Friday, April 20, 2007

Oops! ... I didn't do it.

Dear Leader

Oh, WOW!

This is HUGE! Do you know how HARD we at the Census Bureau try to keep sensitive information from being leaked out to the public? After all, that is our charge: maintaining your privacy intact. Otherwise, why give us your information for the Decennial Census?

I guarantee you that I will hear of this on Monday. I have been working on a program to remove any vestiges of personal information from our corporate address database (phone numbers, Social Security numbers, proper names, etc.). You see, VARCHAR2 fields are nasty things.
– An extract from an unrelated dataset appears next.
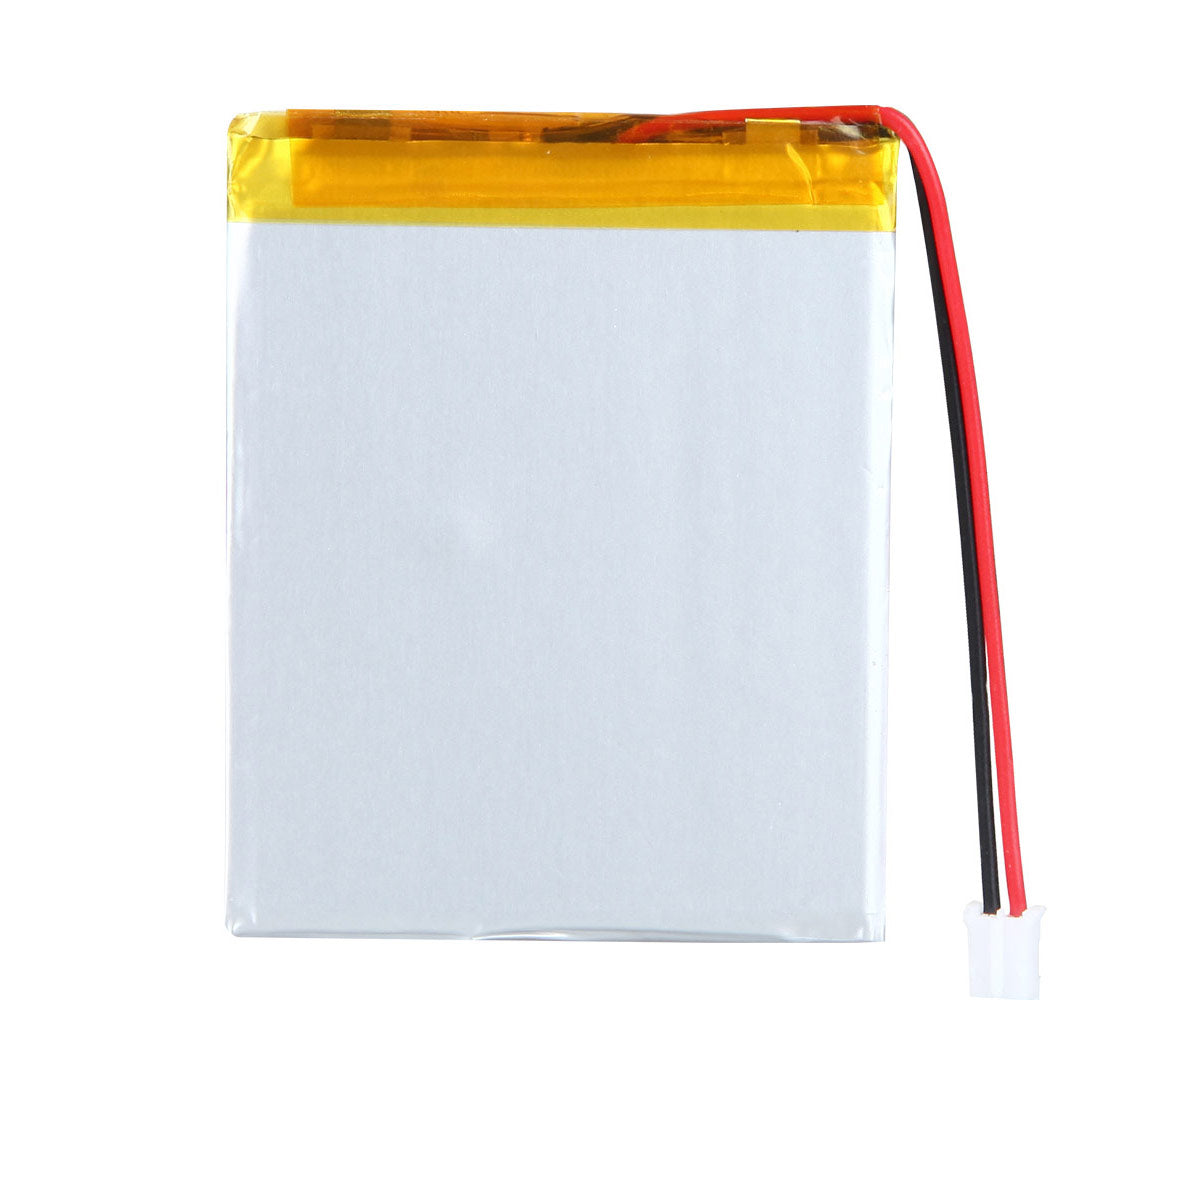 3.7V 1100mAh 354860 Rechargeable Lithium Polymer Battery

These are columns in a database in which anything can be placed in the cell. When our Field Enumerators ask you for your phone number (something he should NOT do), he may place it in the throwaway "Location Description" or Comments column (either on the paper form or the digital hand-held/laptop device). 99.9% of this stuff is automated once the information is keyed, and we don't know - can't know - of what came from the field until much later.

But at least it's in our corporate database, something that cannot be accessed by the general public. However, when other agencies use our data, they MUST follow our own privacy laws. Putting this shit on the Internet is so incredibly stupid, and we at the Census end up looking like complete jackasses. Plus, it makes the Federal Government look like some efficient totalitarian/Orwellian enterprise when - trust me - it's really not that smart. The Federal Government is not Big Brother. It's more like Lenny, from Of Mice and Men.
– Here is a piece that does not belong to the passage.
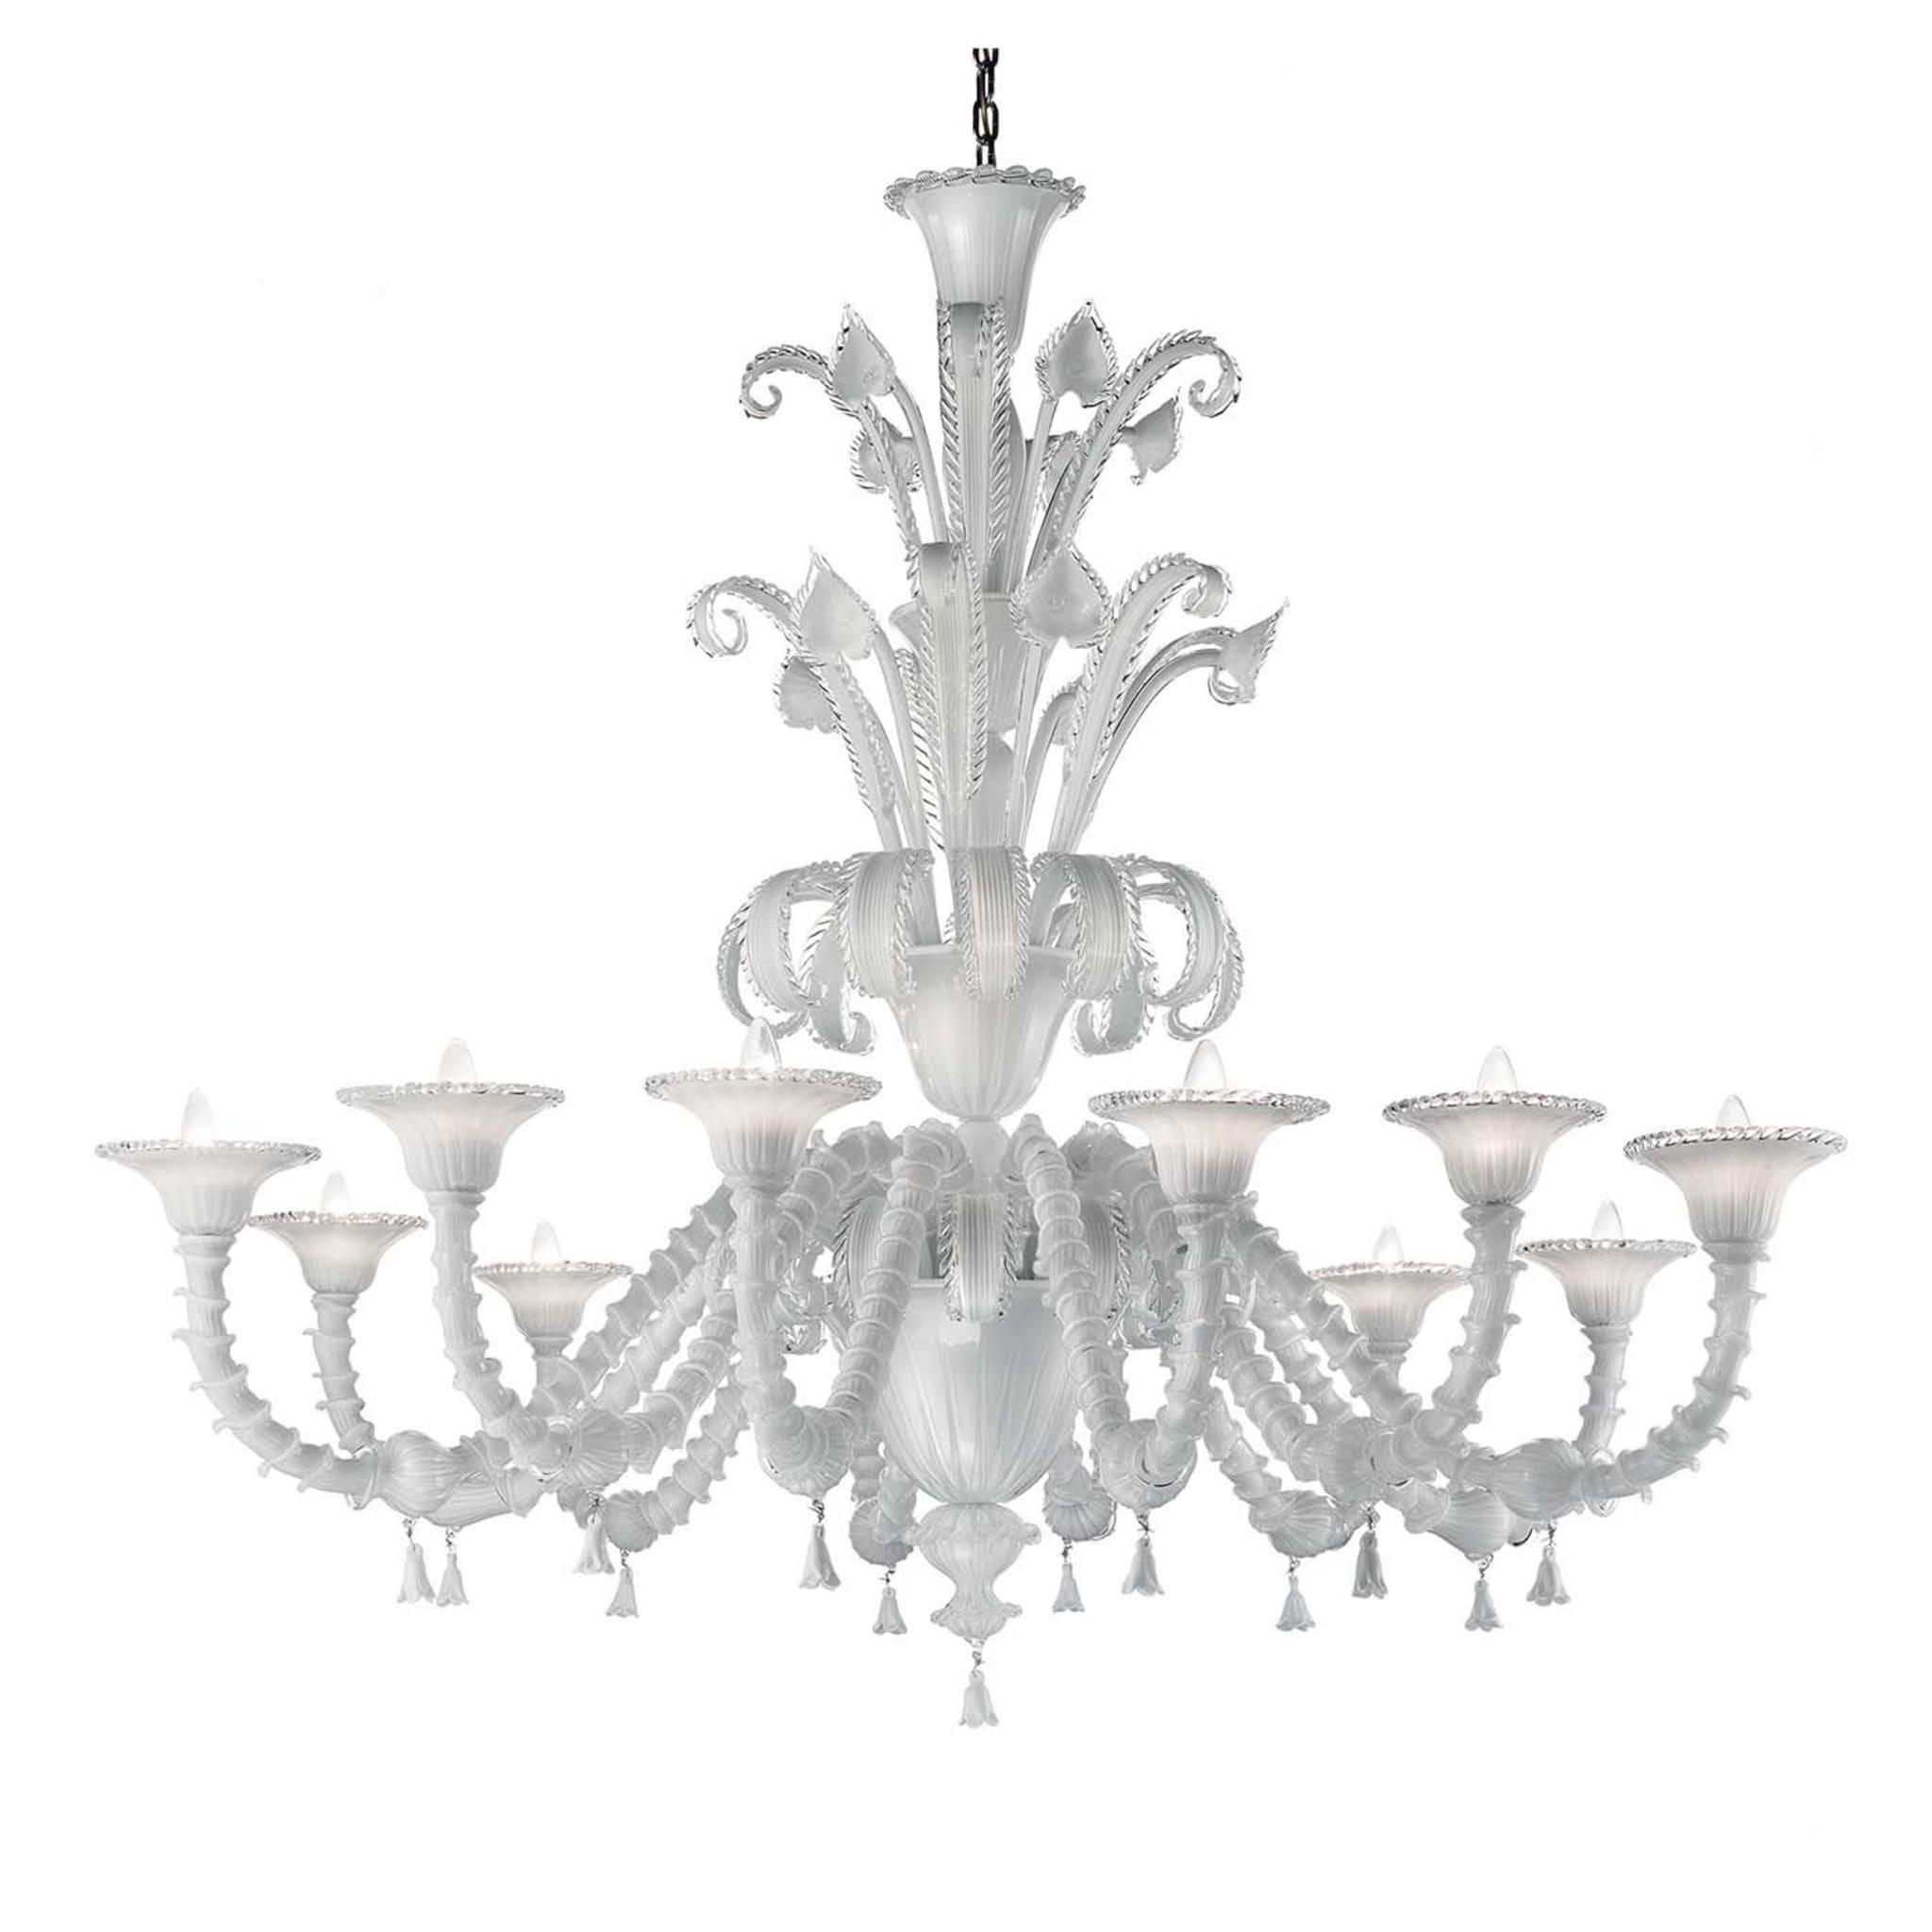 Calle Cortina Chandelier - Main view

Yeah, well anyway: Monday is gonna suck.

3 comments:

Allum Barstansangur said...

back to work apparatchik!

In soviet database, information steals you!

LOL yeah, social security numbers freely available...oh man, whose heads do you think will roll over this data screw up?
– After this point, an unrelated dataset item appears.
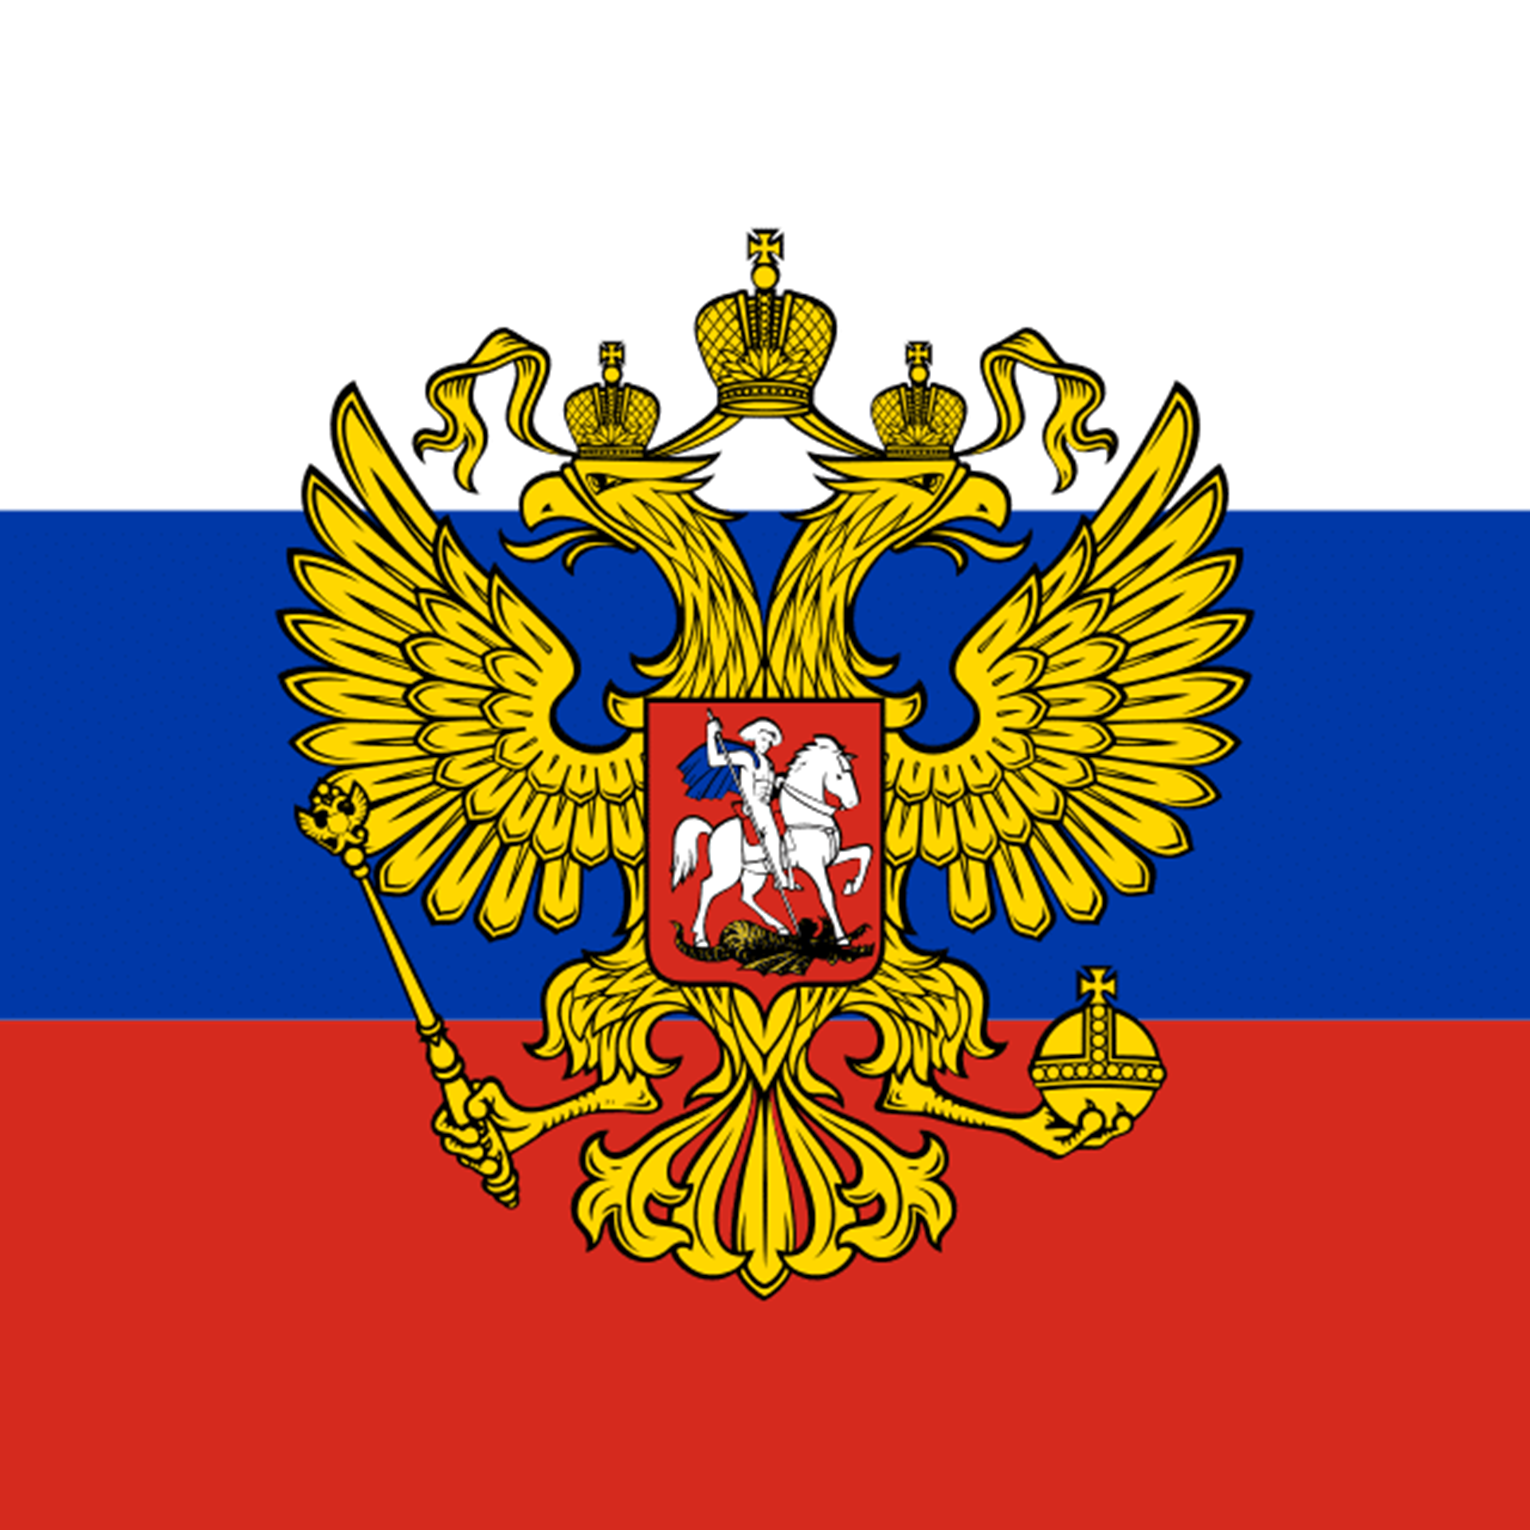 What is the population of Russia and what does the flag symbolise

ALT - [f r a m e s] said...

I am not sure whose head will roll. Our current Director is being forced out already because some laptops were stolen last year. It's not really his fault. I mean, c'mon: when you hire anybody as Field Enumerators and you give them a souped up laptop to use, it's more than likely that some of will be stolen.

Allum Barstansangur said...

Why on earth they aren't using truecrypt or some other HD encryption I don't know...at least then if it was stolen, it wouldn't matter, the data would be unrecoverable.